We're running Airflow v1.9.0 and having problems with one DAG. 我们正在运行Airflow v1.9.0,但一个DAG出现问题。 This one SSHOperator operator DAG (called matching) starts at 0 6 * * * and usually completes within the hour. 这一个SSHOperator运算符DAG(称为匹配项)从0 6 * * *开始,通常在一小时内完成。 Once a month, we have a large data ingestion that causes this task to take up 7 hours. 每月一次,我们要提取大量数据,导致此任务需要7个小时。 Unfortunately, when this happens, the DAG stops our other DAGS from starting until it completes. 不幸的是,当这种情况发生时,DAG会停止启动其他DAGS,直到完成为止。 It is the only DAG running during this 7-hour period. 这是这7个小时内唯一运行的DAG。 This isn't normal behavior or our other DAGS (they continue to run and other DAGS will start). 这不是正常行为,也不是我们的其他DAGS(它们继续运行,其他DAGS将启动)。 We could not find any table locks (PostgreSQL) that may be causing this issue. 我们找不到可能导致此问题的任何表锁(PostgreSQL)。

from airflow import DAG
from airflow.contrib.operators.ssh_operator import SSHOperator
from datetime import datetime, timedelta
from os import path

PATH = '/path/to/code/'

default_args = {
    'owner': 'airflow',
    'depends_on_past': True,
    'start_date': datetime(2018, 1, 24),
    'email': ['myemail@emails.com'],
    'email_on_failure': True,
    'email_on_retry': False,
    'retries': 1,
    'retry_delay': timedelta(minutes=1),
    }

with open(path.join(PATH, 'matching', 'run_nightly_matching.sh')) as f:
    nightly_matching_command = f.read()

dag = DAG('matching',
          template_searchpath = PATH,
          schedule_interval = '0 6 * * *', #10:00PM
          default_args = default_args)

nightly_matching = SSHOperator(task_id = 'nightly_matching',
                               ssh_conn_id = 'external_server_name',
                               command = nightly_matching_command,
                               do_xcom_push = True,
                               dag = dag)

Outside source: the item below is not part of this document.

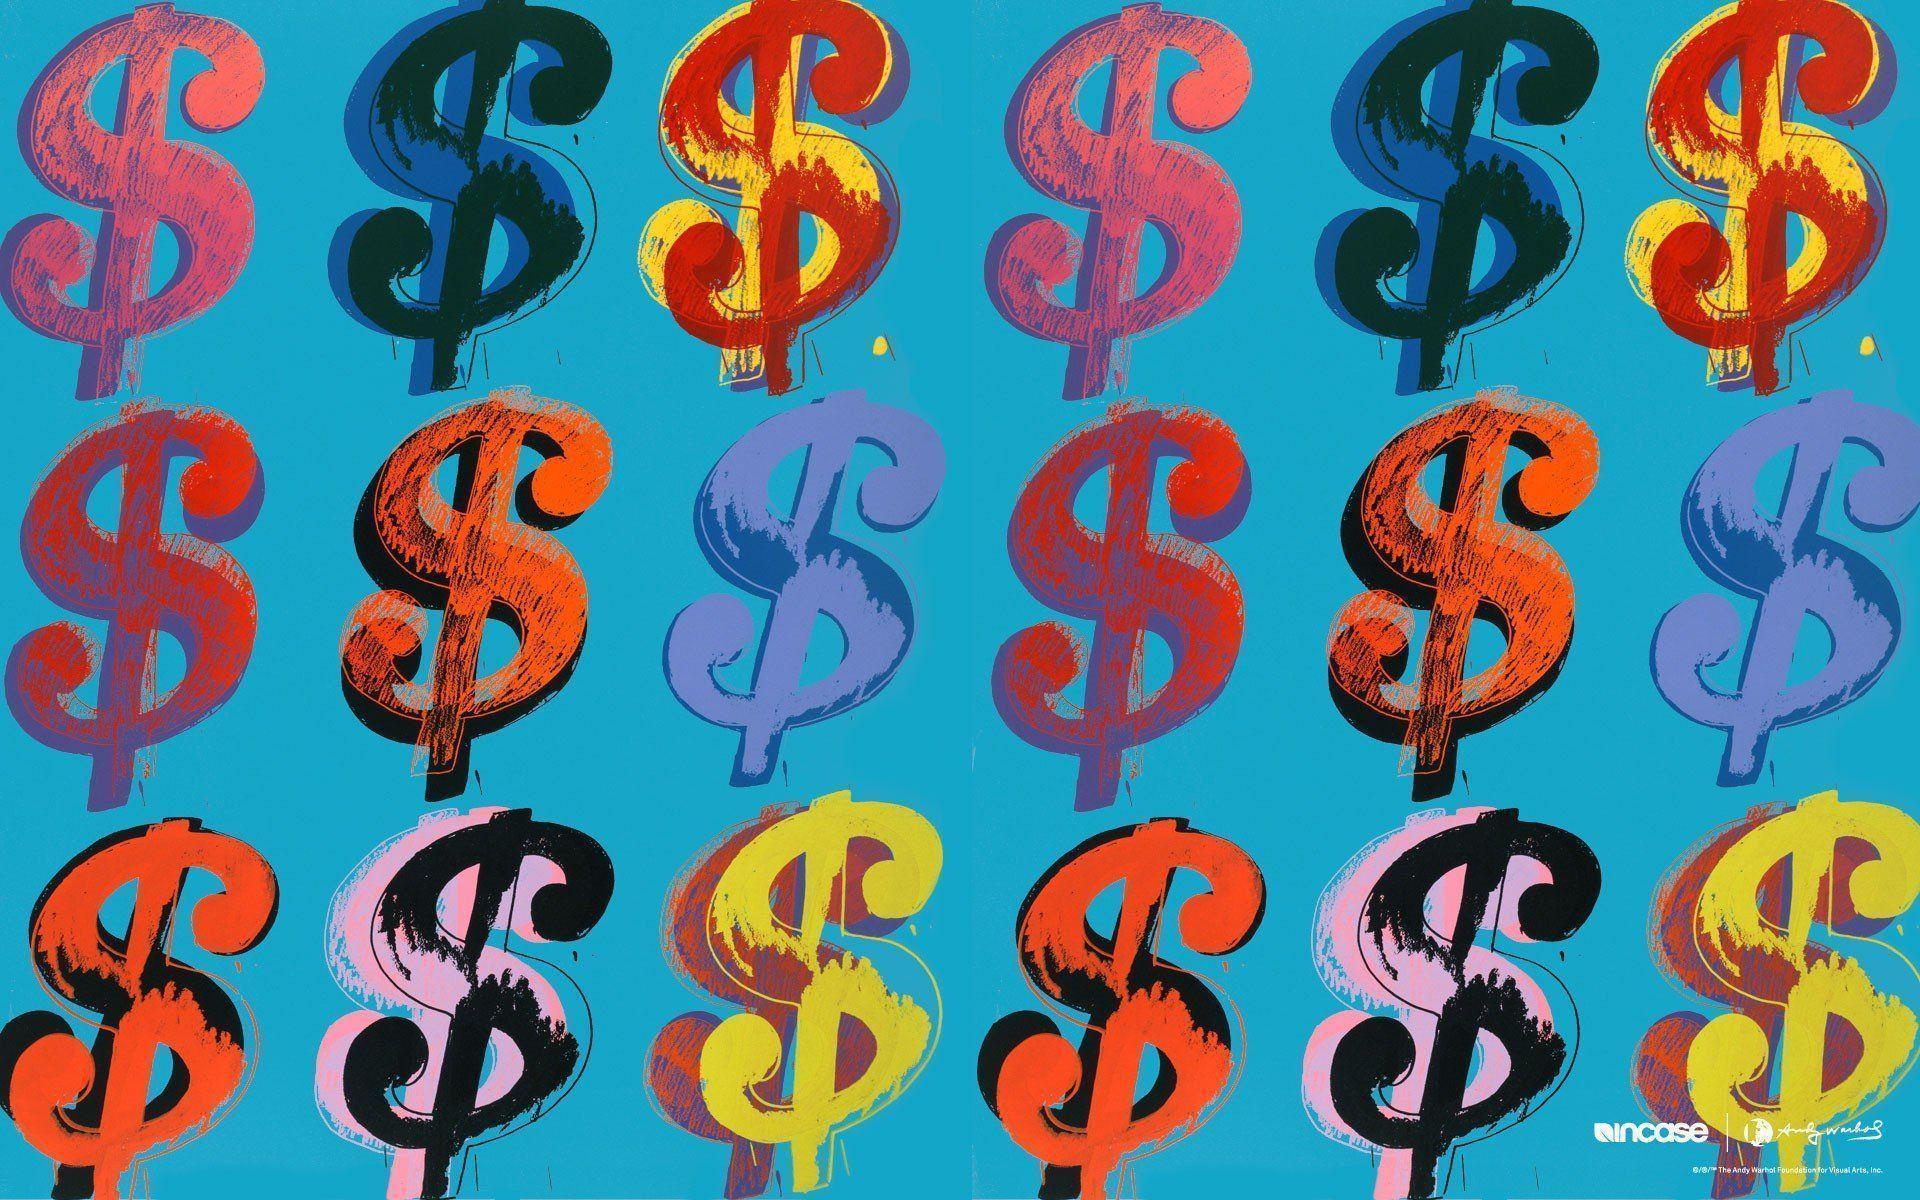 Andy Warhol Incase wallpaper | 1920x1200 | 212788 | WallpaperUP

Here are the query results when I look at the airflow database. 当我查看气流数据库时,这是查询结果。

airflow=# select task_id, dag_id, start_date, execution_date,end_date, duration, state, pool, queue from task_instance where date_trunc('day', start_date)::DATE = '2018-05-09'::DATE order by start_date;

task_id: nightly_matching dag_id: matching start_date: 2018-05-09 06:00:04.486709 execution_date: 2018-05-08 06:00:00 end_date: 2018-05-09 12:50:52.509942 duration: 24648.023233 state: success pool: queue: default

This DAG that immediately follows the problem DAG is scheduled to start at 10:40. 紧随问题DAG之后的DAG计划于10:40开始。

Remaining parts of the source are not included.